Многие матери, чьи дети были разлучены с ними на недели или месяцы, могут подтвердить и дополнить подобные наблюде­ния. Иногда при встрече ребенок эмоционально заторможен, не способен выражать свои чувства, иногда не способен разговари­вать. Затем постепенно его чувства оттаивают. Рыдания сопро­вождаются (у тех, кто может говорить) упреком: «Зачем ты меня бросила, мама?» С этих пор в течение многих недель или ме­сяцев ребенок не упускает мать из виду, он ребячлив, беспоко­ен, часто сердится. При умелом обхождении эти беды могут постепенно отступить, но не следует забывать о возможных невидимых травмах, которые могут впоследствии приводить к нервно-психическим заболеваниям. Эта реальная угроза под­тверждается наблюдением внезапной паники у детей, достиг­ших эмоционального баланса, когда они видят кого-то, кто ассо­циируется у них с пережитым разлучением. Если непра­вильно обходиться с инфантильным и беспокойным ребенком после его возвращения домой, у него развивается злобное отно­шение к матери. Если наказывать за плохое поведение, это обер­нется еще большим инфантилизмом, большей требовательностью и вспыльчивостью. Таким образом развивается неустойчивая не-вротичная личность, неспособная прийти к соглашению ни с са­мим собой, ни с миром, особенно неспособная любить других людей и терпимо к ним относиться.

Такой перечень отклонений почти всегда меньше выражен у детей, не относящихся ни к «отшельникам», ни к поверхност­ным дружелюбцам. У названных же детей подобные реакции, вероятно, являются результатом частых или продолжительных разлучений, имевших место до двух с половиной лет и прохо­дивших без «подставной» матери. Эти реакции являются также и предшественниками тяжелых личностных нарушений (назы­ваемых психопатическими).

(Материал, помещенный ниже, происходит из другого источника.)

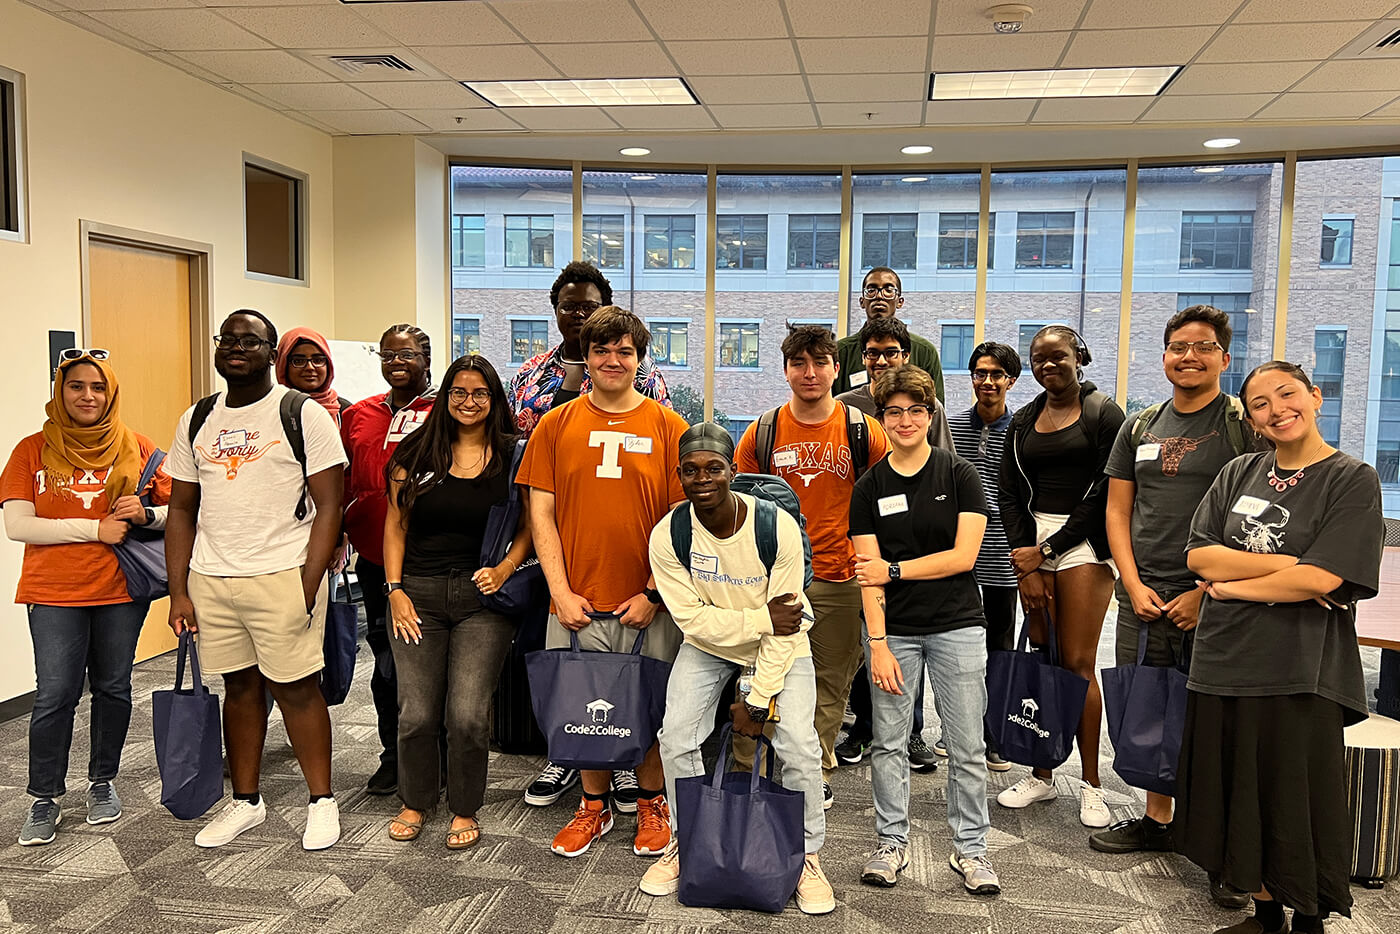 Code2College event at the University of Texas in Austin.

Можно задаться вопросом: в каком возрасте ребенку уже не наносит вреда недостаток материнской ласки? Все, кто изу­чал этот вопрос, соглашаются в том, что в возрасте от трех до пяти лет степень риска еще высока, однако намного меньше, чем прежде. В этот период дети уже не живут исключительно в присутствии матери и могут смутно представлять себе время ее возвращения, что совершенно недоступно большинству детей До трех лет. Более того, способность разговаривать предостав­ляет возможность простых объяснений, и ребенок лучше пони­мает мать-заместителя. Таким образом, можно сказать, что в этот возрастной период благоразумным и внимательным отношени-еМ можно сильно смягчить болезненные проявления, в то время

как отсутствие такого обхождения зачастую ведет к очень тя­желым последствиям, сравнимым с последствиями для возраста от одного до трех лет.

После пяти лет риск отклонений уменьшается еще больше, хотя не может быть сомнений в том, что большая часть детей от пяти и до семи-восьми лет не способна удовлетворительным об­разом приспособиться к разлуке, особенно если она внезапна.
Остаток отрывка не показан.